Essa ci fa rendere grazie a Dio non per quello
che fa ma per quello che è. E' una dichiarazione
di Amore a Dio: quando marito e moglie si
vogliono lodare e vogliono suscitare la felicità
l'uno dell'altra, non si dicono solo come
hai stirato bene come hai lavorato bene etc.
, anche , ma nel momento di maggiore profondità
si dicono quanto sei in gamba, quanto sei
bella , non ti merito… etc, questo è ciò
che suscita la gioia più grande in una coppia
…e così è per Dio.
Lodare Dio quando tutto va male o quando
non se ne ha voglia, è il sacrificio gratuito
per eccellenza, quel sacrificio che non viene
offerto per ottenere qualcosa; E' la dimostrazione
che il nostro amore è forte, deciso, attivo.
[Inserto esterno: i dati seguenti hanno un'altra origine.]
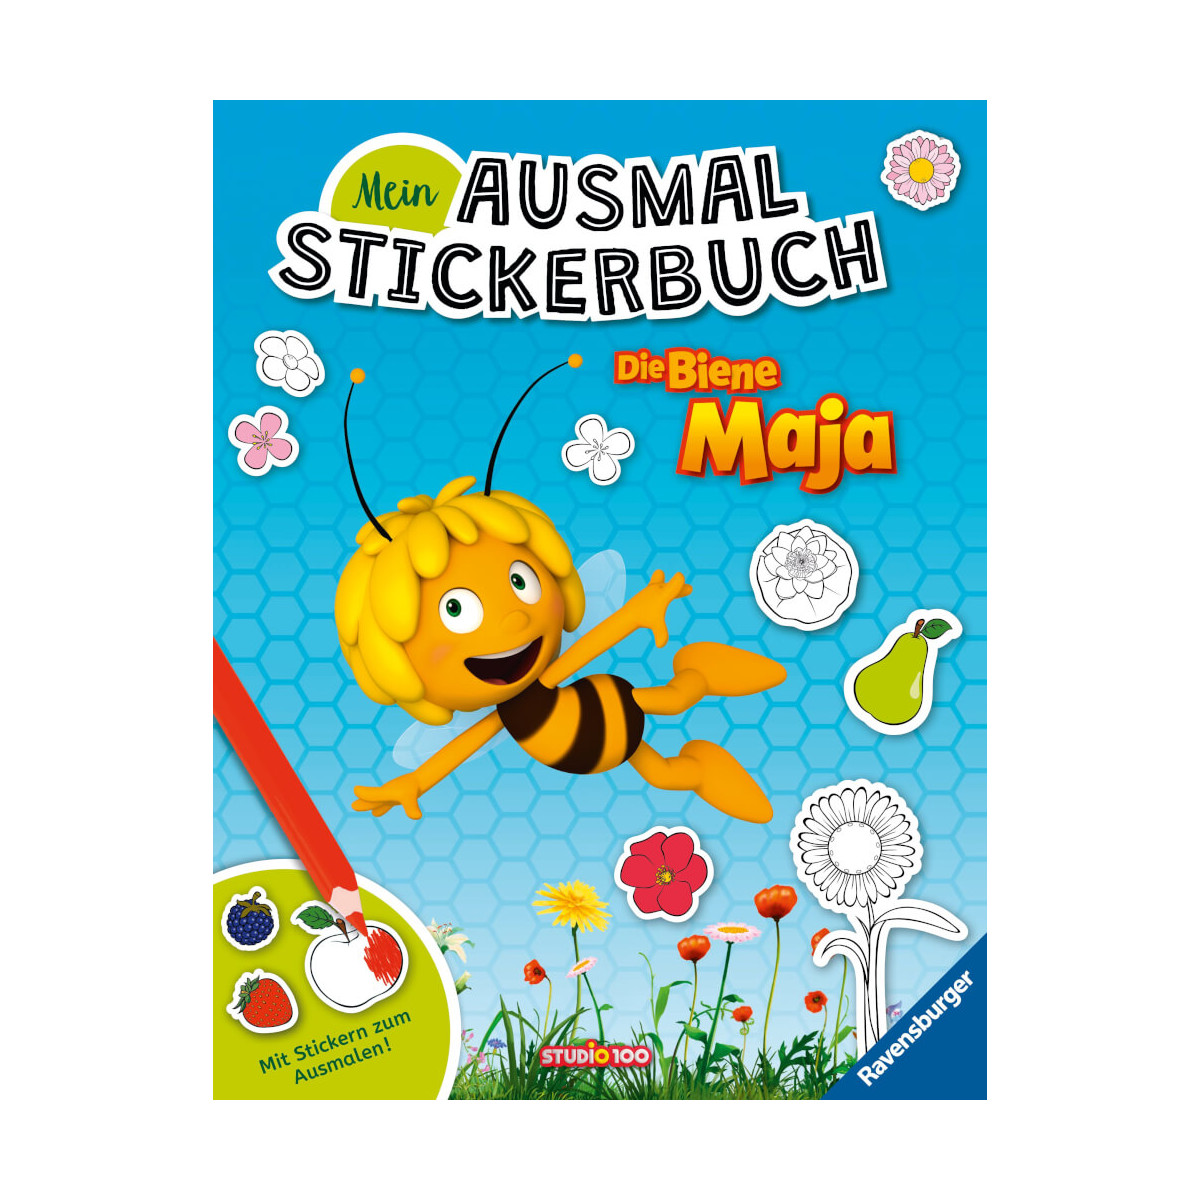 Ravensburger Mein Ausmalstickerbuch Die Biene Maja – Großes Buch mit über 250 Stickern, viele Sticke

E' una risposta personale e incondizionata
all'amore di Dio. La lode è una preghiera
che va dritta al cuore di Dio e il frutto
amabile della LODE è una nuova effusione
dello Spirito che porta con se tutti i suoi
doni tra cui come leggiamo in galati 5 proprio
"pace e Gioia " Gal (5,22).
Allora stiamo pronti il Signore è qui e aspetta
solo un nostro cenno per correre in aiuto
della nostra debolezza
STORIA DELL'INCENDIO
lanciamoci e abbandoniamoci a lui per questo
viaggio di nozze con Gesù che oggi inizia,
tiriamo fuori i nostri talenti musicali,
tiriamo fuori le nostre capacità creative,
perché il Signore possa benedirli e moltiplicarli
e utilizzarli come meglio crede per essere
cantori della gioia animatori nella gioia.